The Washington Free Beacon details a summit this week in New Hampshire led by former television news anchor and now education activist Campbell Brown. Six Republican presidential candidates participated.

At Brown’s “The Seventy Four” summit, all six candidates also expressed support for local control of curricula.

[Jeb] Bush discussed the value of vouchers and charter schools. “The net result of a system where a parent has total choice of where to go, is that every school is going to have to get better, or they’re going to lose their students,” Bush said.

When asked about his support for the Common Core, Bush put some distance between himself and the controversial policy, emphasizing the necessity of high standards and core content that are state-driven. “The commonality [of standards] is not as relevant as the highness of them,” he said. …

… Carly Fiorina emphasized innovation and diversity, which she said could only be maintained at a local level. She said that as president she would “devolve as much money, and as much responsibility, and as much accountability into the states’ and into communities’ and parents’ hands as possible.”

Fiorina criticized federal programs such as Race to the Top that dictate standards on the state level through funding. “A bureaucracy by nature will standardize and systematize. They won’t standardize goals, they will standardize methods,” she said. Fiorina supported the version of the No Child Left Behind Act revised in the Republican House, which would push money out to the local level.

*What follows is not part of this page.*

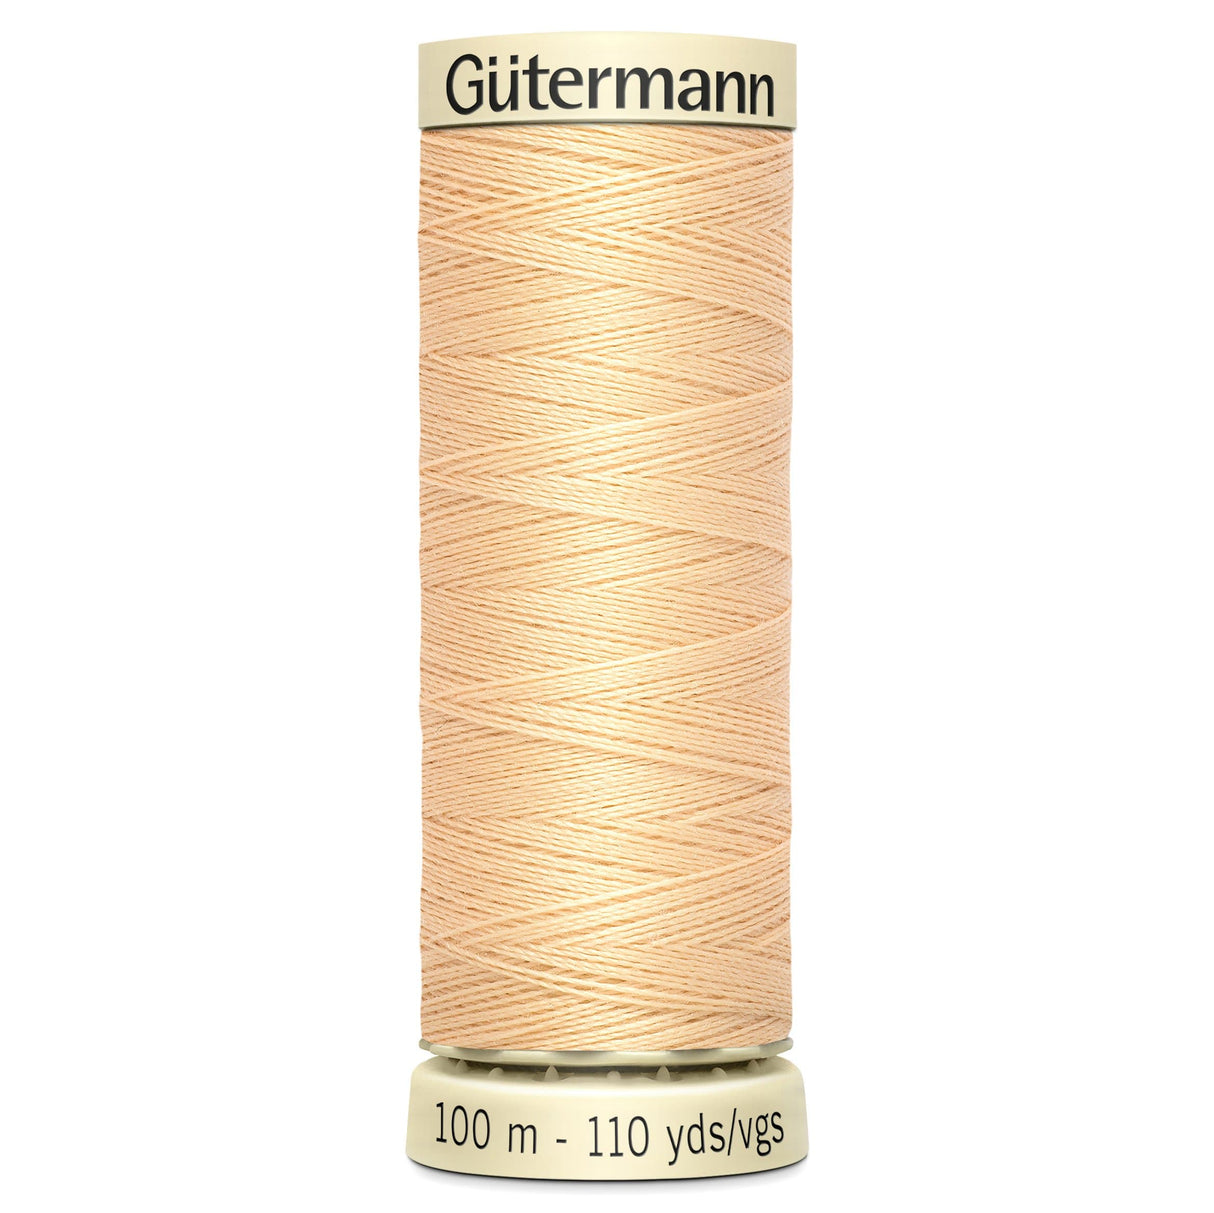 Groves Haberdashery 6 Gutermann Thread Sewing Cotton 100 m Black to Pink

She advocated zero-based budgeting and a “top-to-bottom audit” of the federal government. …

… [John] Kasich supported a strong school choice program that included charter schools and vouchers and committees that would help failing schools.

“We have to break the agrarian model: we stick everybody in a classroom and we try to teach everybody in the same way, and as we all know, children learn in different ways,” he said.

Kasich, like Bush, distanced himself from Common Core. “We had a big war here in the country over this thing called Common Core. Did you hear anything out of me that didn’t represent local control? So we have to sometimes get beyond the headlines and the politics, and look underneath to figure out what the reality is,” he said.

Kasich said that teachers were vital to student success and individualized education. “How do we pay a college football couch four million dollars a year and we pay our teachers peanuts?” he asked. “If they’re not teaching very well, we need to either help them get better, or they shouldn’t be teaching.”